As farmers focus on protecting land from weeds and pests, even in wet conditions and on challenging terrain, drones have become an in demand item.
Drone Agricultural Remote Technology remote pilot Tom O'Donnell said DART aimed to help farmers achieve the eradication of pests and weeds that would not otherwise be possible.
"The drones basically fills in a bit of a gap for farmers," he said.
"It allows them to attack any sort of woody weed that might be cleared after the drone's applied it's application. Once the woody weed has been cleared, farmers are able to use more for land production other than grazing."
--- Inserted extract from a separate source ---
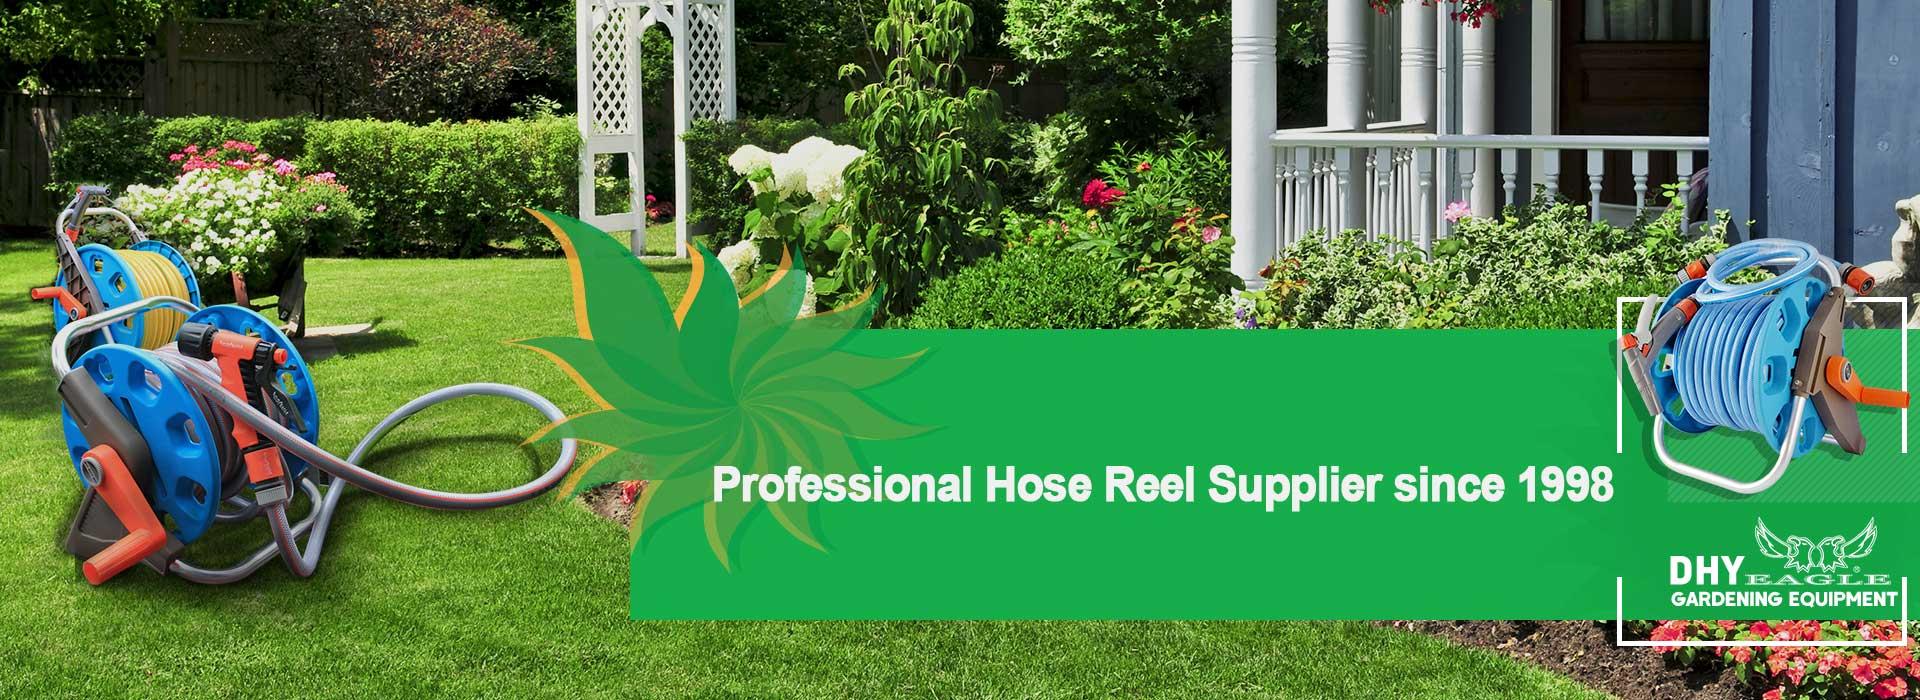 Hose Reel Cart Supplier, Hose Reel Manufacturer, Custom Hose Reel Cart

By using drones, farmers will be able to access weeds they would not normally be able to reach. The use of the DART drones was common during wet seasons when farmers had paddocks engulfed in water.
"Often during the wet times, like July this year, when there was a lot of rain around, we were spreading a lot of fertiliser," he said.
"That was really good for a lot of farmers who couldn't get off the land, because their paddocks were so wet and their tractors would just get bogged."
Mr O'Donnell said DART could use their drones to apply fungicides, insecticides, herbicides, along with snail and mouse bait with the spreader.
The capabilities of drones has been drastically improving and in five years the speed and efficiency of drones is expected to progress significantly, with new drones constantly getting unveiled, he says.
"At the moment, if we wanted to do 300 litres a hectare we can only travel at eight kilometres an hour," Mr O'Donnell said.
"With the new drones you can go a bit faster and get the job done a bit quicker for the landowners.
"It's hard to keep up with the latest trends and obviously people need the money to keep evolving."
While the DART spray application could be applied to different crops, Mr O'Donnell said it was most effective on high growing plants.
"With the faba beans and canola because the stalk is so high, it's hard for a boomspray to get in there and apply," he said.
"We come in and can travel a metre and a half above the crops and the downforce from the crop wash opens up the plant and moves across them. The spray goes right down to the bottom and it covers the whole plant from the ground up."
While DART focused on chemical spraying and fertiliser spreading, Mr O'Donnell said they also did land mapping.